When it came for Bayer to address the panel, Mike Rozycki, Director of US
Regulatory Affairs at Bayer, said that when the company learned of the studies under discussion, "We immediately began a comprehensive review of all the data that we had in CABG surgery for aprotinin."
"This was conducted," he stated, "in very close association and under the guidance of the FDA."
"All that information has been submitted and is under review by the FDA," he added.
Mr Rozycki specifically said the information presented to the Committee was based on the available data that Bayer had. "Dr. Pamela Cyrus, of Bayer's U.S. Medical Affairs organization," he said, "will review the clinical data that Bayer has and that is in the literature for aprotinin."
In the end, the Committee decided that there was no need for additional warnings on Trasylol labeling and Bayer quickly put out a press release stating, "the committee overwhelmingly affirmed (18 yes votes and one abstention) that the totality of clinical data presented in today's meeting supports acceptable safety and efficacy for Trasylol among coronary artery bypass graft (CABG) surgery patients."
But as it turns out, while testifying before the Committee that day, not one of the Bayer representative disclosed the existence of a large Bayer study of 67,000 patients. In June 2006, Bayer commissioned the private research firm, i3 Drug Safety, to determine the cardiovascular risks of Trasylol, and Bayer received a copy of the study's report on September 14, 2006.
When the study was conspicuously not mentioned at the meeting, Harvard professor, Dr Alexander Walker, who worked on the study, informed the FDA of its existence.
After learning of the suppressed study, the FDA issued a second Public Health Advisory warning that the results of the study demonstrate “that use of Trasylol may increase the chance for death, serious kidney damage, congestive heart failure and strokes."
Last month, in a paper titled, "Dangerous Deception - Hiding the Evidence of Adverse Drug Effects," in the November 23, 2006, New England Journal of Medicine, Dr Jerry Avorn states, "September 30 is becoming a day of infamy for drug safety.
On that date in 2004, he notes, Merck announced that Vioxx doubled the risk of myocardial infarction and stroke, and the company withdrew the drug from the market after 5 years of use by more than 20 million patients.
Jumping ahead to September 30, 2006, he relates that a front-page article in the New York Times reported that the FDA had issued a warning that aprotinin could cause renal failure, congestive heart failure, stroke, and death.

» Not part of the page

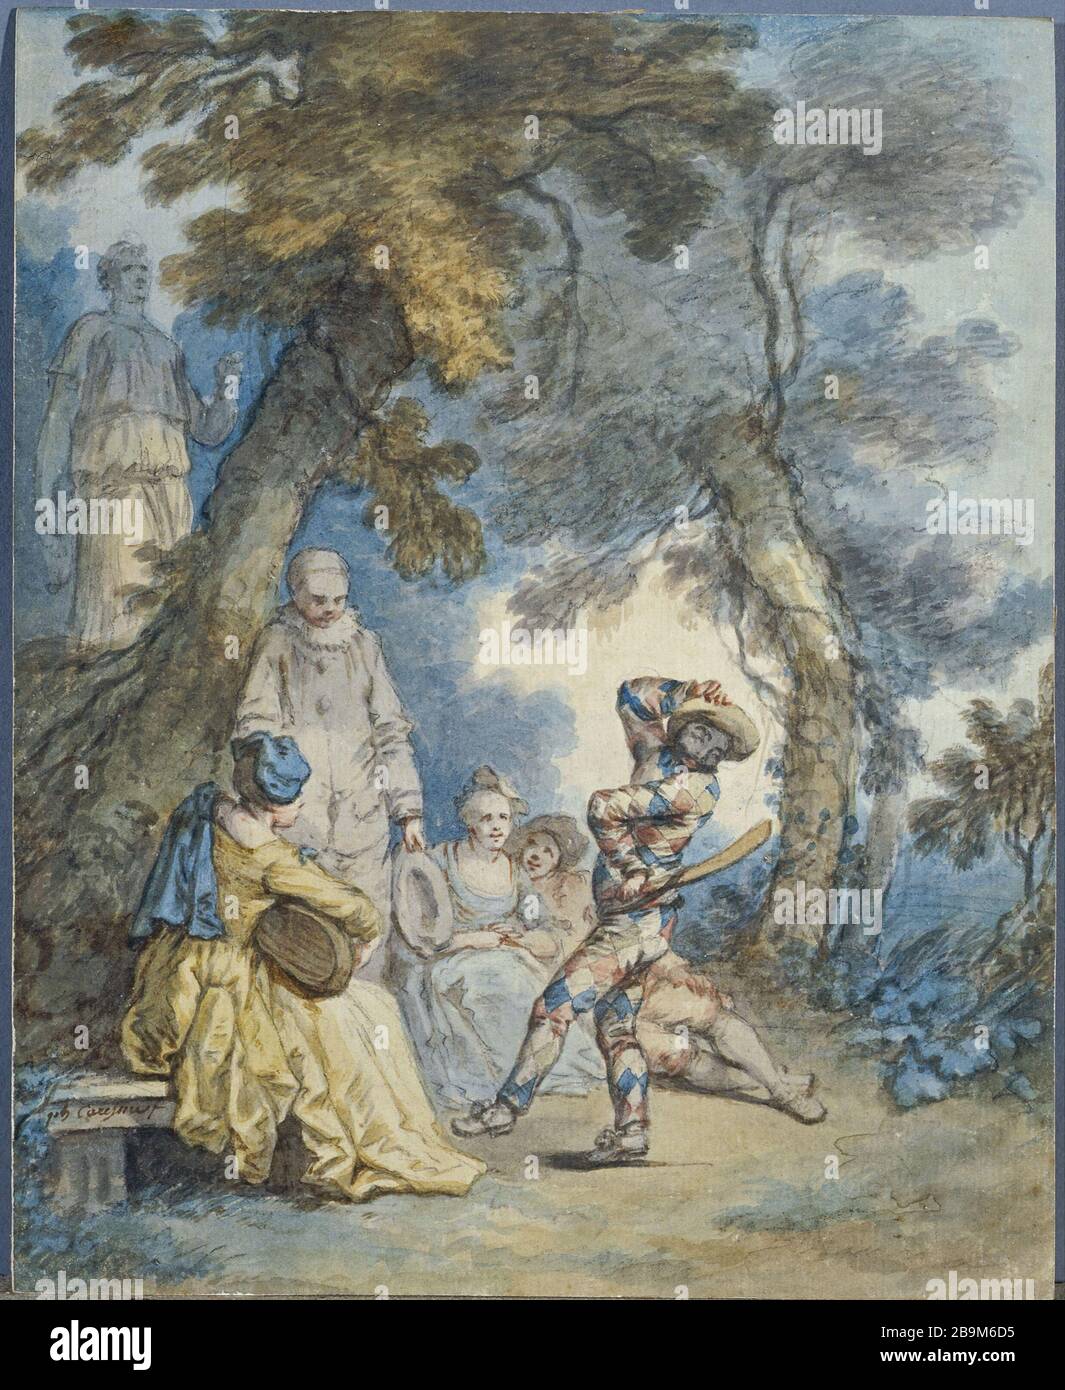 ARLEQUIN Philippe Caresme (1734-1796). 'Arlequin'. Aquarelle avec rehauts de gouache sur papier. Paris, musée Cognacq-Jay. Stock Photo

"What put aprotinin on the front page," he wrote in the paper, "was the revelation that its manufacturer, Bayer, had hired a private contract research organization to perform its own large observational study of postoperative complications in patients given the drug."
Critics who are already incensed over the coziness between the Bush administration's FDA and the pharmaceutical industry, are now watching to see whether or not the FDA will hold Bayer accountable for its fraudulent conduct related to Trasylol.